Two Hybrid Funds Side by Side – DHOF and HBRD

Two Hybrid Funds Side by Side – DHOF and HBRD

Hybrids have long been sought after for high income and franking credits. The Australian market mostly consists of bank and financial institution securities that have similar features.

The international market is much more diverse and offers some really interesting options, but the investments can also be much higher risk.

Daintree recently made its global Hybrid Opportunities Fund available through the ASX. The fund invests in up to 50% of international securities. Aside from investing $500,000 through a broker in separate securities or access through other even more diverse managed funds, there’s been few ways to access this market.

I thought it would be interesting to compare the successful domestic BetaShares Active Australian Hybrids Fund against the newer Daintree fund.

Daintree Hybrid Opportunities Fund (ASX:DHOF)

DHOF invests in Australian and international hybrid securities and commits to hold at least 50% in the domestic market. International investments not domiciled in Australian dollars are hedged back into AUD.

As at end of September 2021, DHOF comprised 54% of Australian hybrids, followed by 19.4% from the US and 10.7% from Canada, showing reasonable global diversity.

hybrid funds

We don’t have an understanding of the structure of the securities and this can be quite diverse but we do know approximately 40% are sub investment grade, rated in the BB range or lower.

The fund doesn’t list individual securities in its portfolio, making it difficult to understand the types of international companies it invests in.

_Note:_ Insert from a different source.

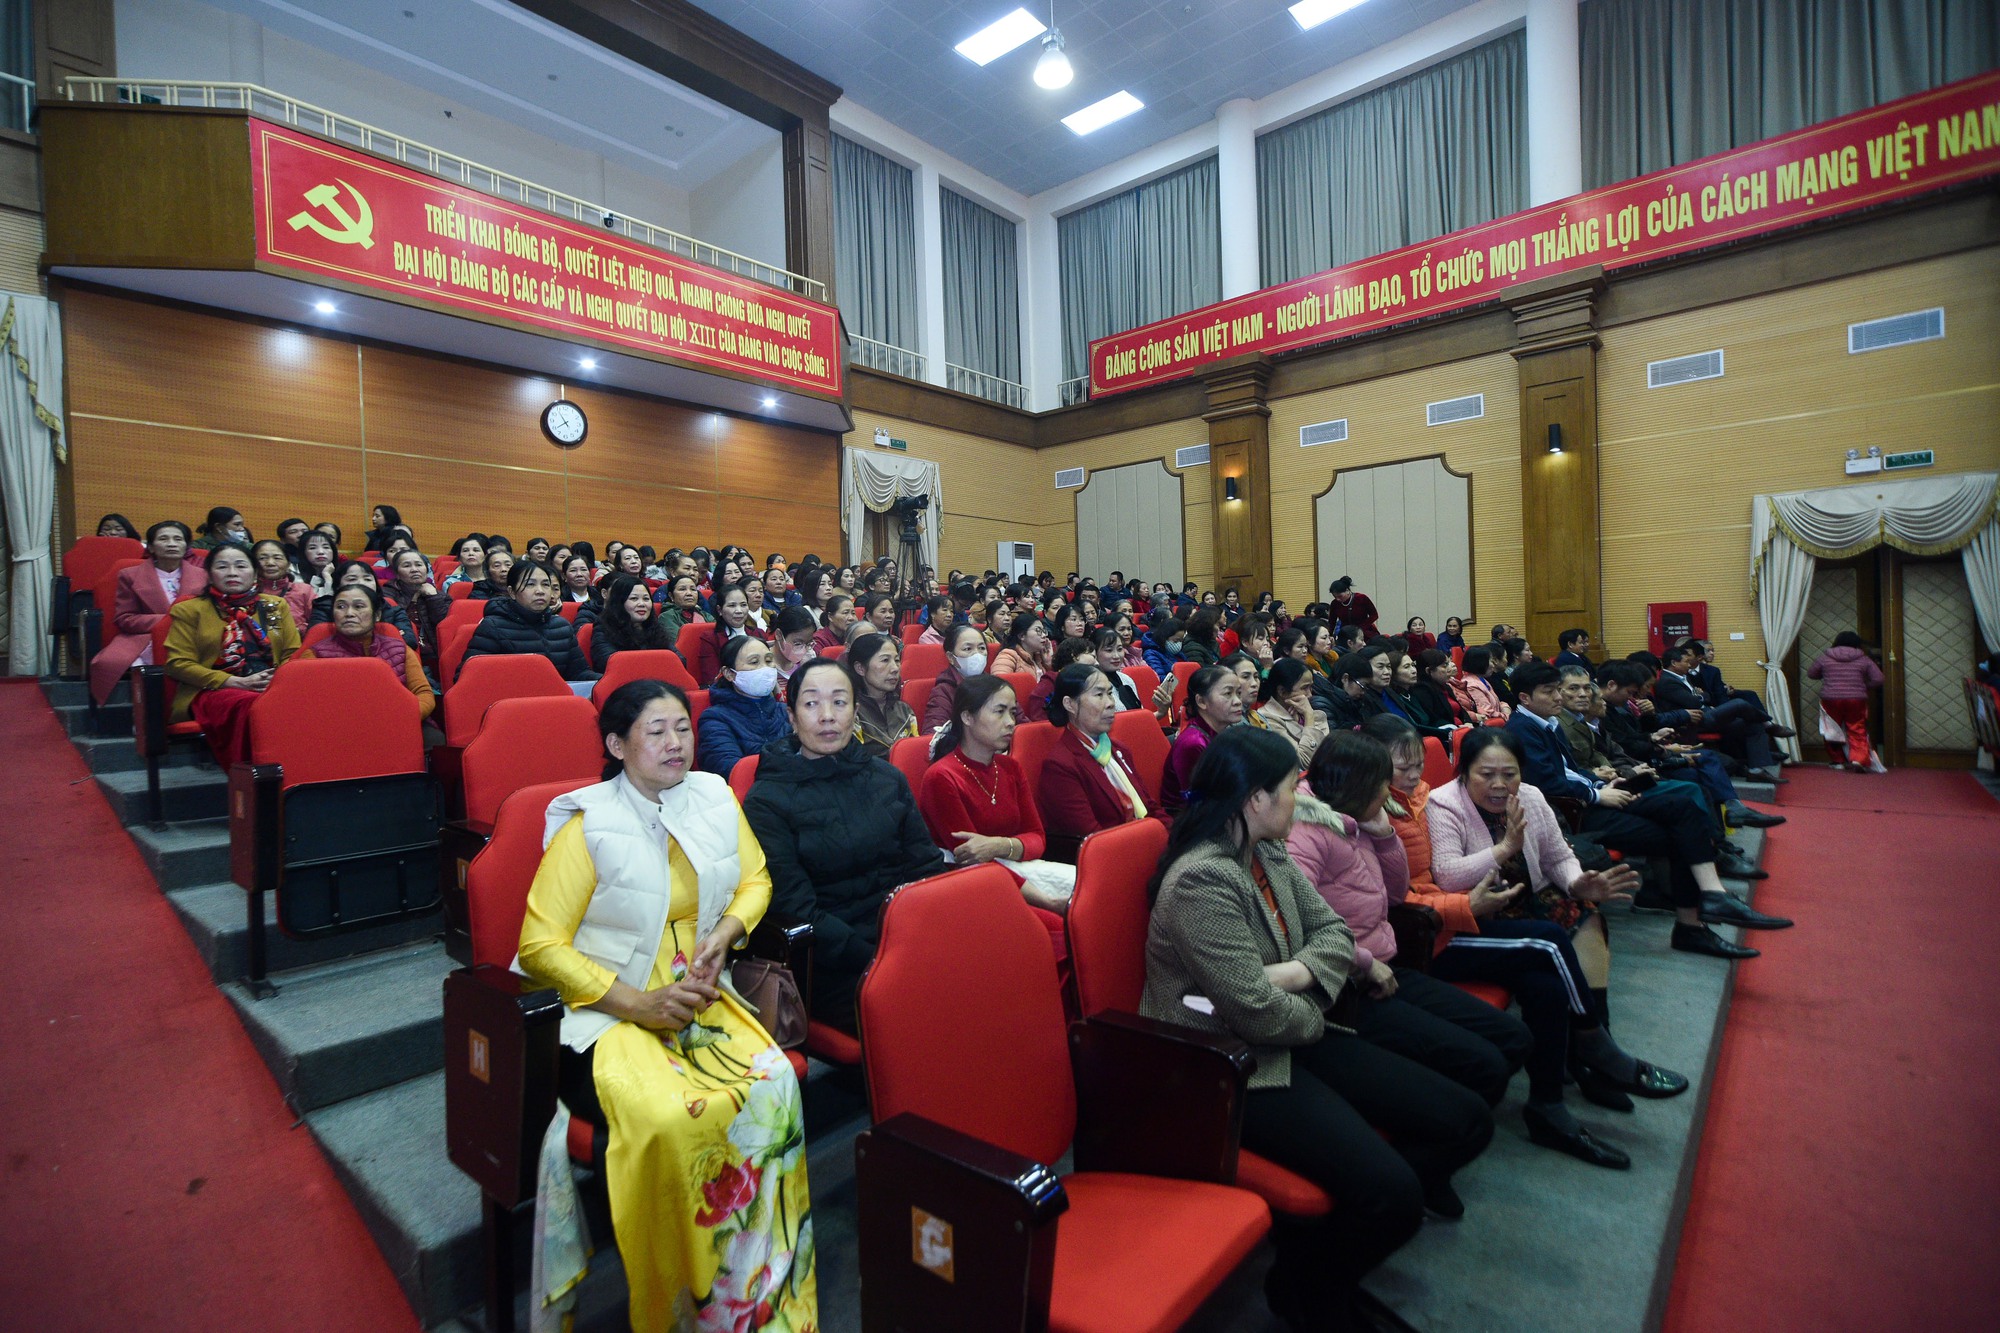 Hội Nông dân Hà Nội tổ chức Lễ mít tinh chào mừng thành công Đại hội đại biểu toàn quốc Hội NDVN lần thứ VIII - Ảnh 2.

The fund targets a 3.5 to 4.5% return over cash, and states its objective is to provide a total return after fees that exceeds the RBA cash benchmark.

Also read: Capital Notes – What Are They and Should You Invest?

The inception date for DHOF was 1 March 2020, which was opportune as this was close to the low point in financial markets due to the COVID pandemic. So, the fund can show some very good early returns, see the monthly performance chart below.

More recent returns have been lower with the one month November return -0.8%, which the fund manager attributes almost entirely to movements in the US.

Currently, DHOF invests in 110 securities with an average portfolio yield of 3.95% p.a. It also hedges currency and other risks to help smooth returns.

Fees include a management fee of 0.65% plus a 0.10% administration fee, which includes GST. There are no performance fees.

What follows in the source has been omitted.